### The data
-.-.-
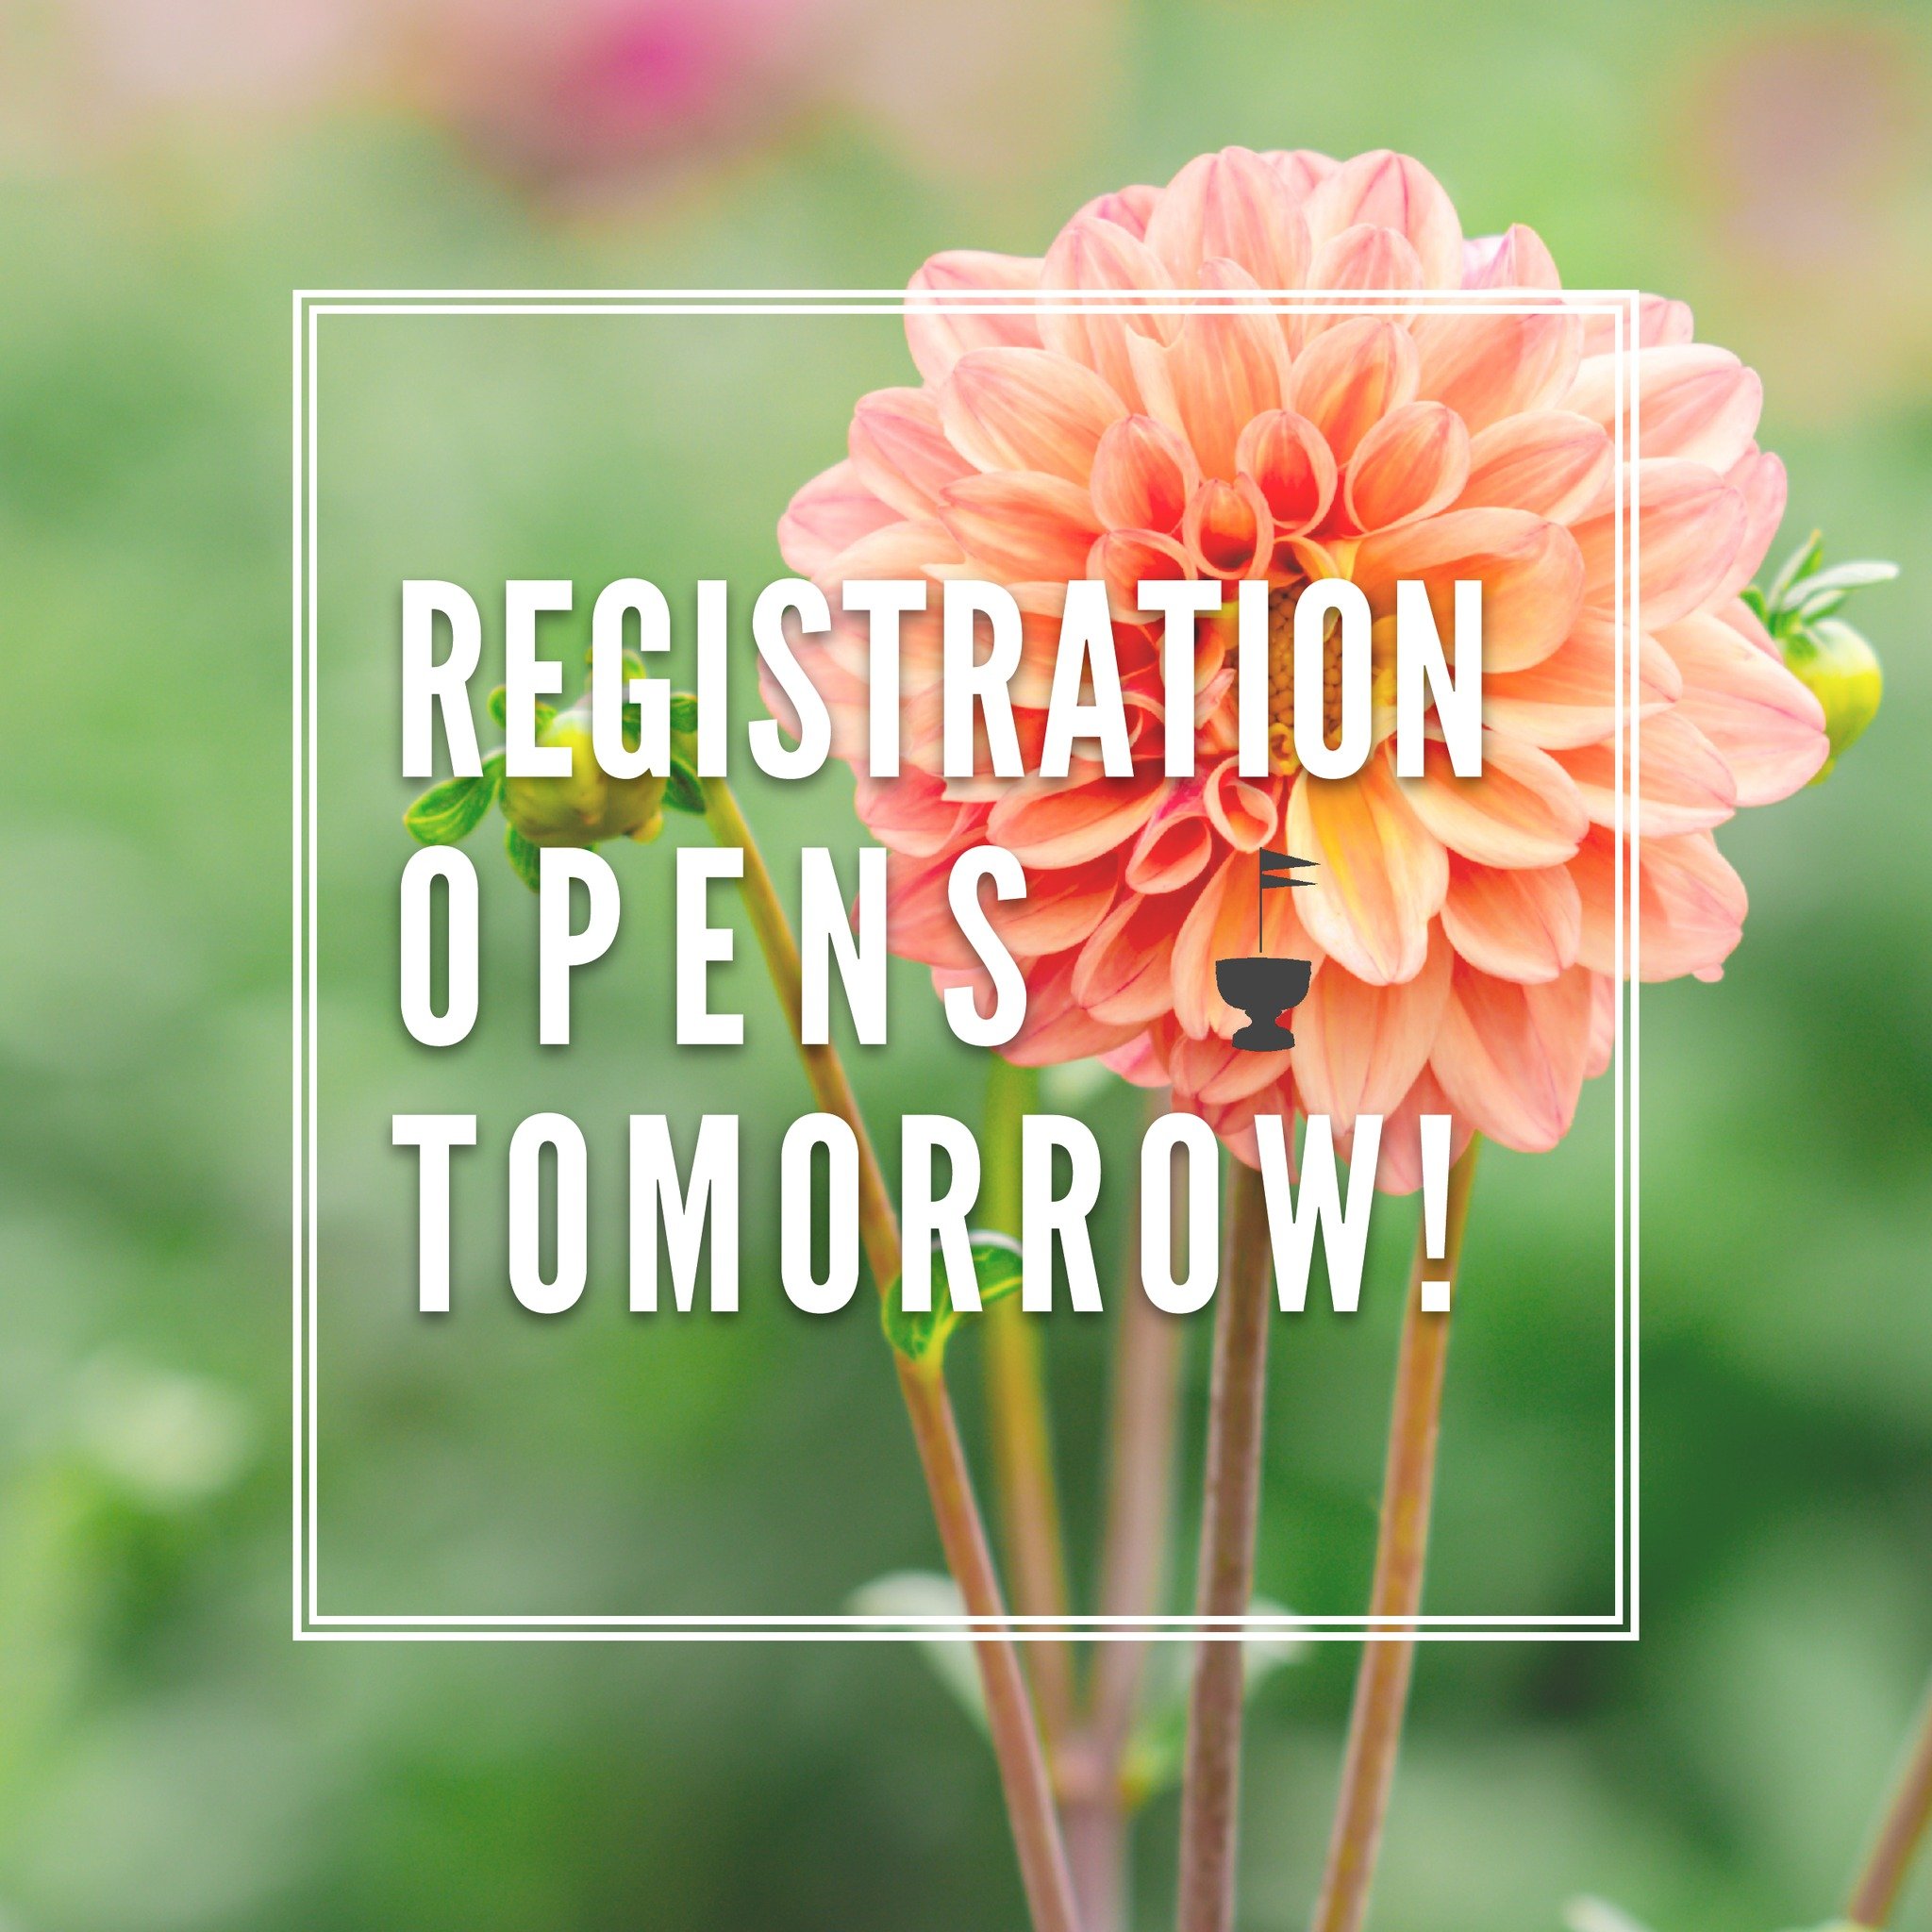 🌿 Dive into the beauty of blossoms! 🌸 Registration for Nantucket Garden Festival ticket sales opens TOMORROW! 🎟️✨ Secure your spot in this floral paradise! 

#NantucketGardenFestival #Nantucket #NantucketIsland #ACK #NGF 

@finegardening
@necoasta
-.-.-
### Problem details
This exercise asks for the data above to be given again exactly, without pictures.

### Solution for this problem
 🌿 Dive into the beauty of blossoms! 🌸 Registration for Nantucket Garden Festival ticket sales opens TOMORROW! 🎟️✨ Secure your spot in this floral paradise! 

#NantucketGardenFestival #Nantucket #NantucketIsland #ACK #NGF 

@finegardening
@necoasta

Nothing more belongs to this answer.